Morbidity results from infiltration of amyloid fibrils and subsequent dysfunction of major vital organs, with renal failure reported in 28%, congestive heart failure (CHF) in 17%, carpal tunnel syndrome in 21%, polyneuropathy (PNP) in 17%, and orthostatic hypotension in 11% of patients at diagnosis [4]. In addition, purpura, particularly in the periorbital and facial area, is common (15%).

Cardiac Disease
Death occurs most commonly in amyloidosis as either a result of progressive congestive cardiomyopathy or sudden death from ventricular fibrillation or asystole. CHF in amyloid cardiomyopathy is usually rapid in onset and progression and is associated with a median survival duration of only 6 months [1]. The diagnostic gold standard for cardiac amyloidosis is a cardiac biopsy, but clinical tests can be highly indicative: echocardiography usually reveals hypertrophic ventricles with an interventricular septal thickness >12 mm [20] and a low normal to mildly reduced LVEF [3], with CHF being considered a predominantly diastolic phenomenon [21]. ECG frequently shows either low voltage in the limb leads or characteristics consistent with anteroseptal infarction, such as loss of anterior forces, without evidence of infarction at autopsy. Cardiac rhythm disturbances, such as atrial fibrillation, atrial or junctional tachycardia, or heart block, are common [3, 4]. Serum troponin T, a sensitive marker for ischemic cardiac injury, and NT-proBNP, which has been shown to correlate with LV dilatation, dysfunction, and CHF in a nonamyloidosis setting, have been shown to be powerful predictors of survival in amyloidosis, and were feasible even in the setting of end-stage renal disease [20].

Renal Involvement
Renal involvement is common in AL amyloidosis, manifest as proteinuria in 73%, renal insufficiency in ~50%, and nephrotic syndrome or renal failure in 28% of patients [4]. Urinary excreted LCs first deposit in the mesangium of the glomerulus and later extend along the basement membrane [4]. Hypercalcemia, dehydration, infection, nonsteroidal anti-inflammatory agents, and radiographic contrast media may contribute to renal failure. In more than half of the patients, renal function may recover within the first few months [22]. However, 18% of patients with AL amyloidosis require dialysis, which is associated with a median survival time of <1 year [23]. In MM, plasma exchange has been reported to be efficient in removing the underlying monoclonal LCs, and may restore renal function [10]. However, its role and potential benefit—if at all present—seem transient, and thus, it is controversially discussed, has not been validated in prospective randomized trials, and has scarcely been addressed in the specific setting of AL amyloidosis

Gastrointestinal Amyloidosis
Localized or diffusely spread amyloid involvement of the submucosa, the muscularis mucosa, and subserosa, as well as the vasculature of the gastrointestinal (GI) tract, is frequently observed [9, 22]. It is usually asymptomatic or associated with nonspecific symptoms, such as anorexia, nausea, diarrhea, abdominal pain, weight loss, or malabsorption [22] and pseudo-obstruction [3]. Motor dysfunction of the bowel may result from extensive mucosal amyloid deposition but is more often attributable to autonomic dysfunction [4]. Rare cases of bleeding, from a localized ulcerous amyloid lesion or diffusely, both from the upper and the lower GI tract, have been reported [22]. This may be aggravated by a high prevalence of coagulation defects, including deficiencies of factor X, antithrombin III, factor IX, and inhibitors of the thrombin time [22]. Amyloid obstruction of larger vessels can result in infarction and subsequent perforation of the intestinal wall. This, however, is exceedingly uncommon and has only been reported in isolated cases [24].

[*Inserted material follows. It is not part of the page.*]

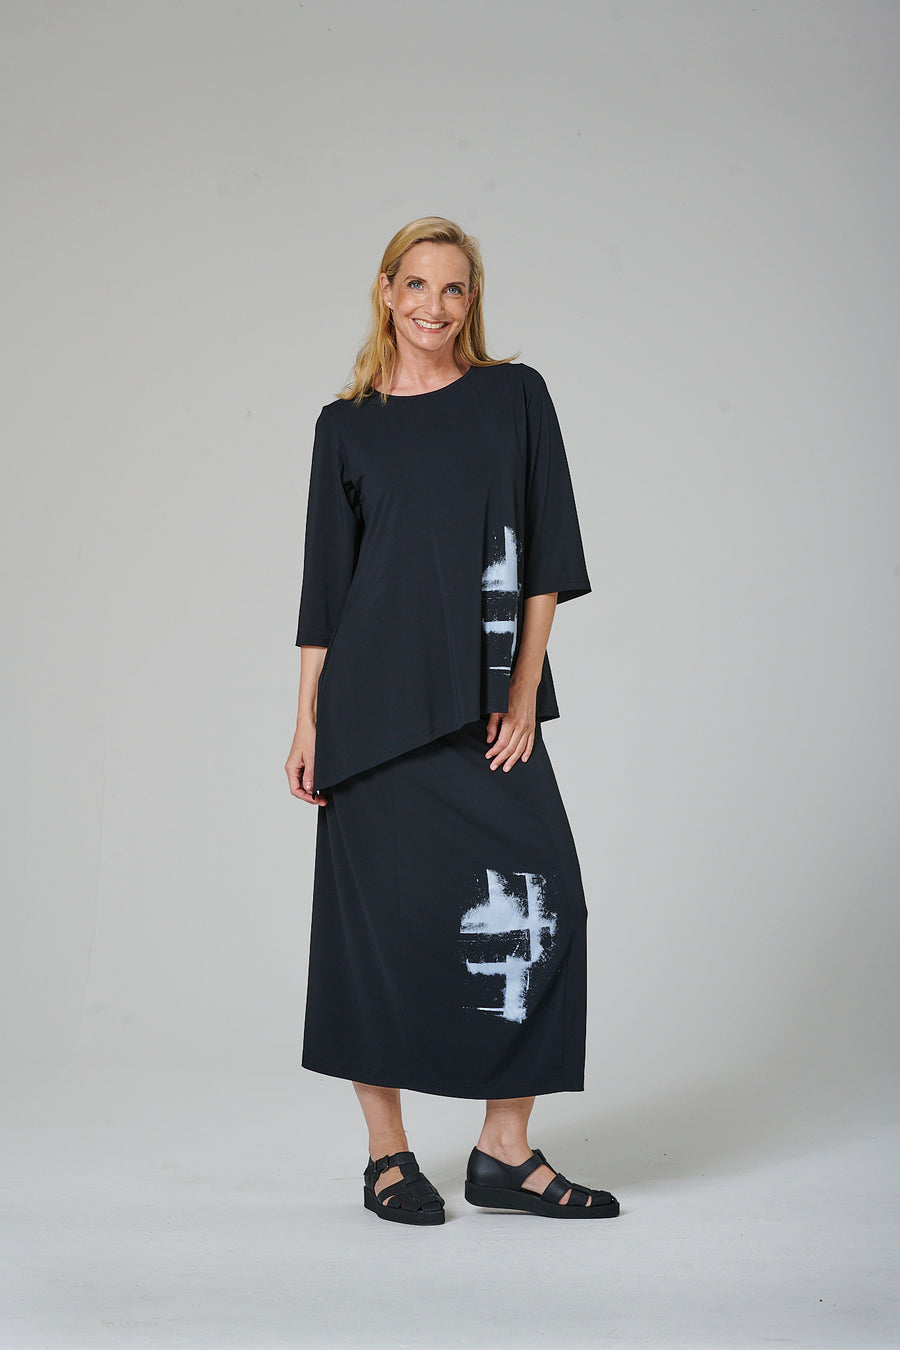 Skirt made of acetate jersey blended fabric with elastane (328r1) printed or plain

Amyloidosis of the Nervous System
Autonomic and sensory neuropathy are relatively common features of AL amyloidosis. Sensorimotor PNP is usually distal, symmetric, and progressive, and may be extremely troublesome. Another frequent manifestation of neuronal amyloidosis is carpal tunnel syndrome, which may precede the final diagnosis of the disease by more than a year. Severe autonomic dysfunction can lead to symptomatic postural orthostatic hypotension and disturbances in gastrointestinal motility [3, 4].

BM and Peripheral Blood
Congo red staining of a BM biopsy demonstrates amyloid deposits in ~60% of patients [1] and when present is usually located in blood vessel walls only [25]. There are no distinctive features in peripheral blood (PB). Anemia is not a prominent feature in AL amyloidosis, but when present, MM, renal insufficiency, and GI bleeding are the most common causes. Thrombocytosis may be observed and is a consequence of functional hyposplenism from amyloid replacement of the spleen, as manifested by detection of Howell-Jolly bodies [4].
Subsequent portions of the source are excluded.